バスはなぜここにエレンがいるのか戸惑ったが、魔法陣が発動したことでその疑問はあっさり解決した。
「えっと、もしかして学園の魔法陣を使ったんですか?」
「え、ああ・・・使ってというか、その・・」
まさか、不審者に嵌められたとは言えず、口ごもる。
「ダメですよ、あれは道具を運ぶために設置された特別の魔法陣なんですから・・」
「設置された・・・」
「ええ、オレが毎日学園まで行くのが難しいから何とかしてくれって学園長にお願いしたら、あれを設置してくれたんですよ。いや~おかげで仕事がはかどって助かってます」
嬉しそうに言うバスにエレンは苦笑する。
エレンを襲った奴らは、あれがどことつながっているのか知らなかったかあるいは勘違いした可能性があった。

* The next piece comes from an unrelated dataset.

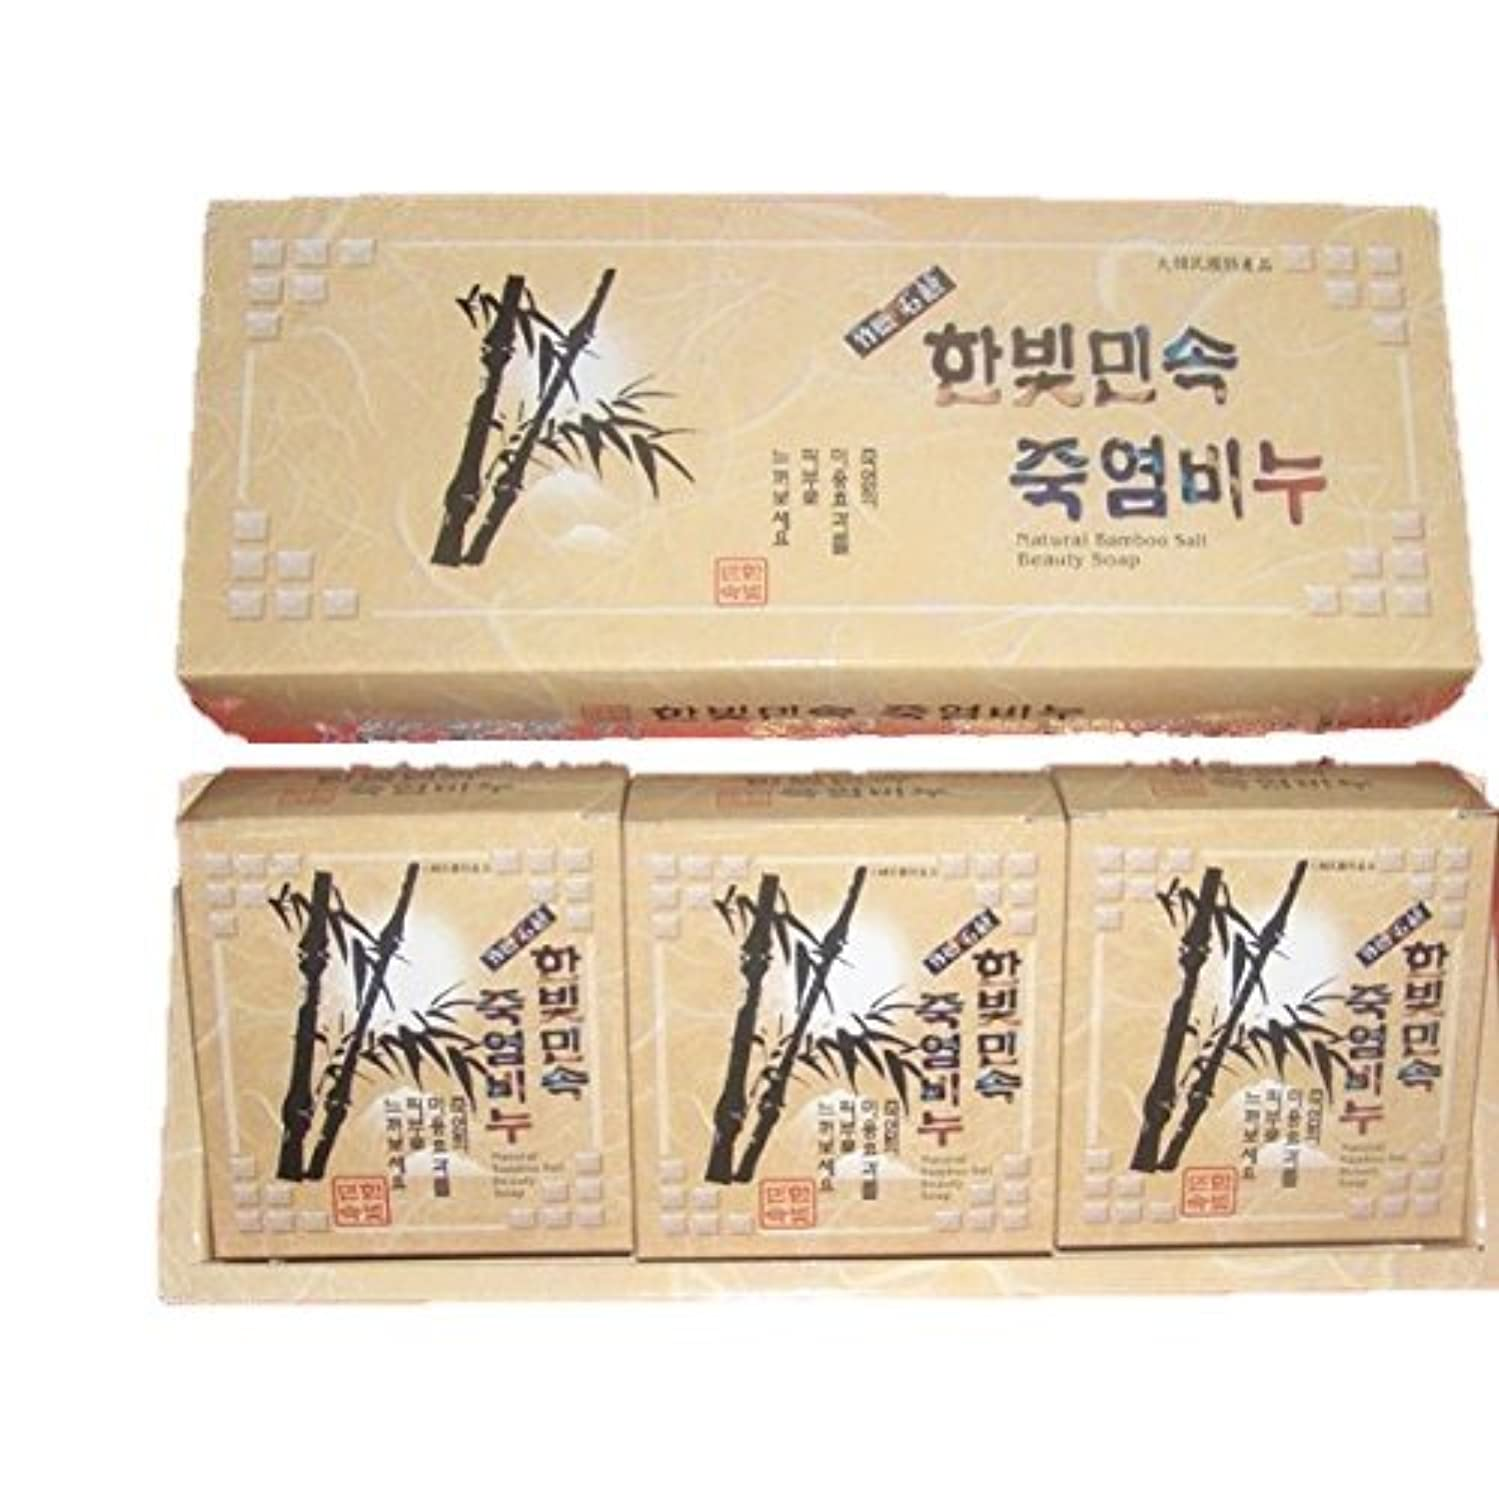 前奏曲幾何学断言する(韓国ブランド) 竹塩石鹸 (3個×3セット)

「バス、この魔法陣を設置したのを知っている人間は学園長の他に誰がいる?」
「え、知っている奴ですか?」
「ああ、そうだ」
「ん~と、教師は全員知っていると思いますけど、その他となると・・」
バスはなぜそんなことを聞くのかと不思議そうに首を傾げたが、秘密にしているわけでもないので答えた。
エレンはバスの口から出た名前に驚き、城へと急いで戻ったら広間でダグラスの断罪が始まっていた。
そこには国王も王妃も側室のクリスも集まっていると聞き、ひと足遅かったかとため息を吐いた。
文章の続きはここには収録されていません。